Очевидно, что эти числа условные, и связаны не только с необходимостью ввести шкалу опасности, но и с чисто политическими мотивами — крупные объекты мы можем наблюдать сильно заранее и вовремя предупредить.
Челябинскому не повезло: его можно было бы зафиксировать, если бы он подлетал с ночной стороны, такие прецеденты бывали и не раз, но он решил лететь с утренней стороны, со стороны освещенного солнцем неба. Конечно же, учитывая малый размер, его яркость на ярком фоне неба была непримечательной, вот его никто и не обнаружил.
Почему был такой ажиотаж? Потому, что метеорит упал в районе крупного города. На Земле ⅔ поверхности покрыты водой, и не вся суша обжита. Объекты падали и до челябинского события и будут падать после. Эта дата резонансна только за счет его освещения в СМИ и появления сурового челябинского метеоритного фольклора.
— Конец света — это миф? Может ли что-то упасть на Землю, что приведет к концу света? Можно ли защититься от этого?
Конец света — не миф. Просто он не произойдет. С точки зрения астероидно-кометной опасности, вероятность падения крупного объекта, способного уничтожить биосферу на поверхности Земли, крайне невелика.
У нас есть технологии обнаружения и расчета орбиты подобных объектов, есть методы противодействия — они ни разу не применялись, но они существуют. Появится потребность в их испытании — они случатся. Так что крупный астероид на Землю не упадет, можете быть спокойны.
То же самое касается и региональных катастроф — крупнее 100 метров мы ничего не ждем. А вот «мелкие», с точки зрения астрономии, объекты, типа челябинского — да, их и обнаружить сложнее и никто не дает гарантию, что мы найдем их заранее, а значит и времени для организации мер противодействия будет меньше.

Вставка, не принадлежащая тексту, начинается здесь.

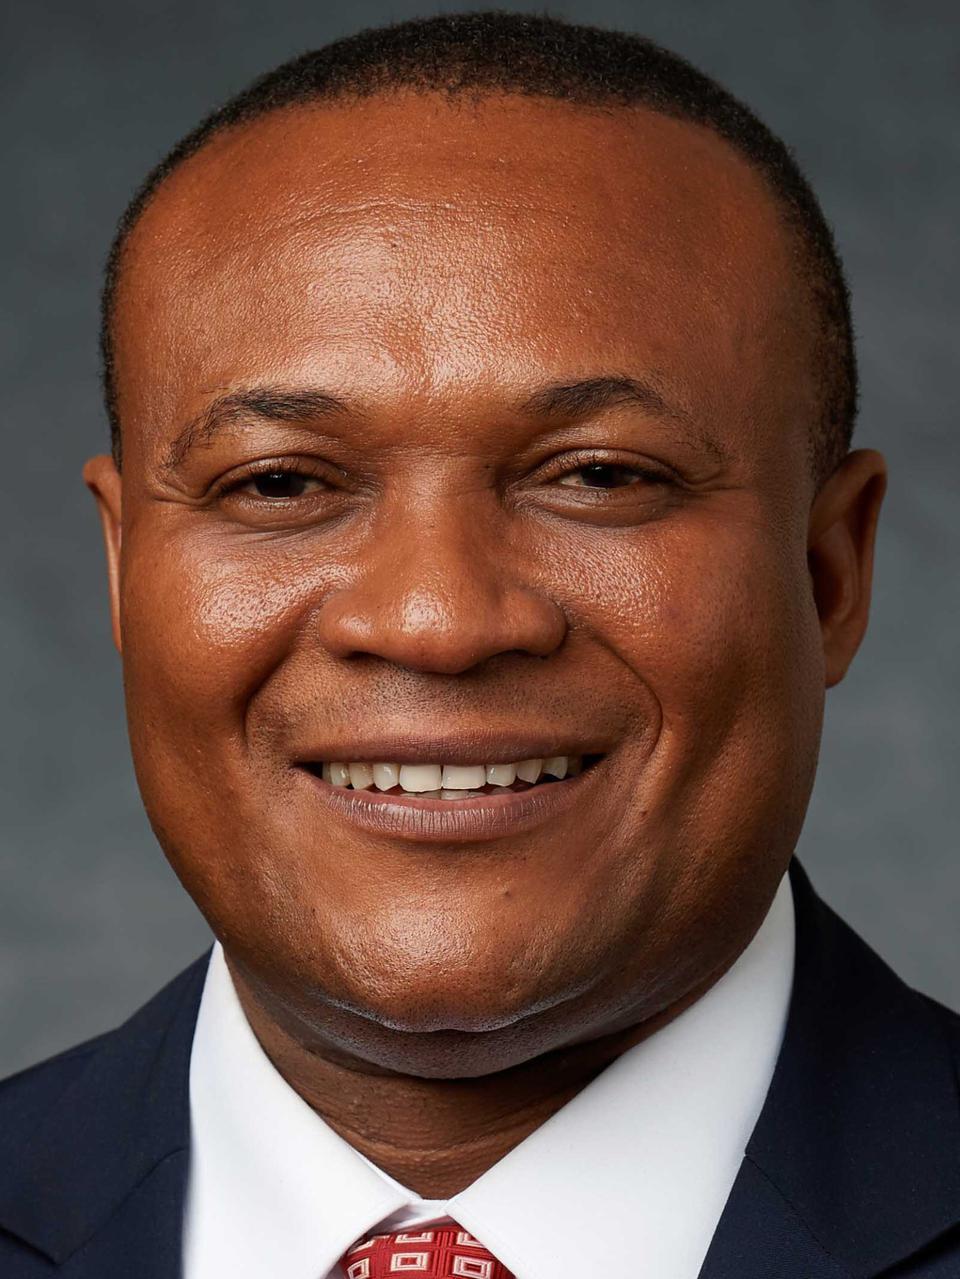 Elder Thierry K. Mutombo

Поэтому, если подытожить, конца света не будет, но локальная катастрофа возможна. Я бы с удовольствием подискутировал на другие возможные варианты конца света: вспышка близкой сверхновой, проблемы с солнечным излучением, глобальное изменение температур, но это все отдельные темы для беседы.
Фото: Science Slam Ekaterinburg
О школе и преподавании
— Павел, вы основатель и научный руководитель единственной в России частной школы астрономии. Расскажите, пожалуйста, поподробнее, как устроена ваша школа? Чему вы учите? Почему вы решили создать ее?

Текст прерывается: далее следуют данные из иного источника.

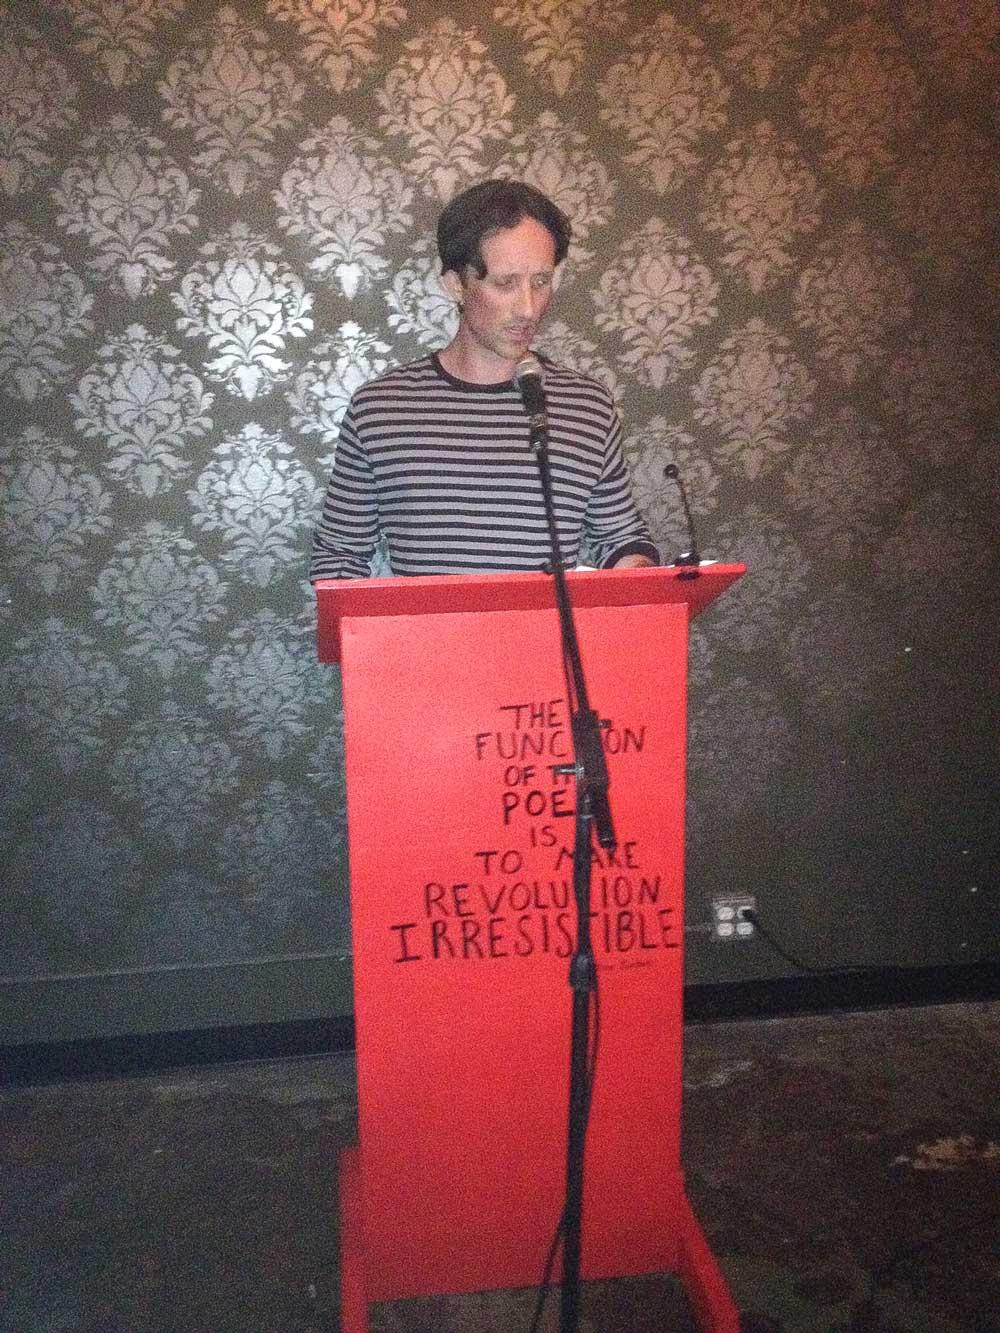 big-yes-press-poet-reading-podium.jpg

У меня есть два варианта, как ответить на этот вопрос. Официальный, правильный вариант — это вариант про необходимость возвращения астрономии в школьное образование (когда мы начинали, об этом в массах никто не задумывался), разговор о том, что нужно сначала обучить учителей, как преподавать этот самый 1 час в неделю, о том, что на кафедрах астрономии в вузах, а их в России по пальцам пересчитать, толпы абитуриентов в очередях не стоят. И неофициальный, неправильный вариант, который мне ближе, и о котором я подробно расскажу.
По образованию я — небесный механик, и подавляющее большинство моих знакомых, родственников, друзей, коллег в вузе понятия не имеют, чем я занимаюсь и какие у меня обязанности.
Человек, который имеет специальность «астроном» — для 80% населения нашей страны:
- смотрит в небо на звезды
- не от мира сего
- составляет гороскопы
И если быть честным, популяризацией я стал заниматься для того, чтобы развеять и сломать подобные мифы, а все остальные причины присоединились позже.
А их оказалась масса. Борьба с нативной мифологизацией, например: «Комета в небе — мы все умрем!», «Завтра конец света от падения 20-и метрового астероида, так по РЕН-ТВ сказали!», «Я видел НЛО, и оно похитило моего кота, жену и пенсию!», «По гороскопу я рак и играю в ММО!»
Формирование научного мировоззрения: зачем преподавать физику, химию и биологию в школе, если нет астрономии, которая объединяет их вместе и отвечает на фундаментальные, почти религиозные, вопросы?
И как следствие — повышение технологического уровня в стране. Качество гвоздя, кирпича, дорожного покрытия — а как вы думали? Без массового образования этого не будет.
Профессиональных астрономов в мире меньше десяти тысяч человек, а количество информации постоянно растет. Нужны математики, айтишники, специалисты по big data — и все они должны быть хотя бы знакомы с астрономией.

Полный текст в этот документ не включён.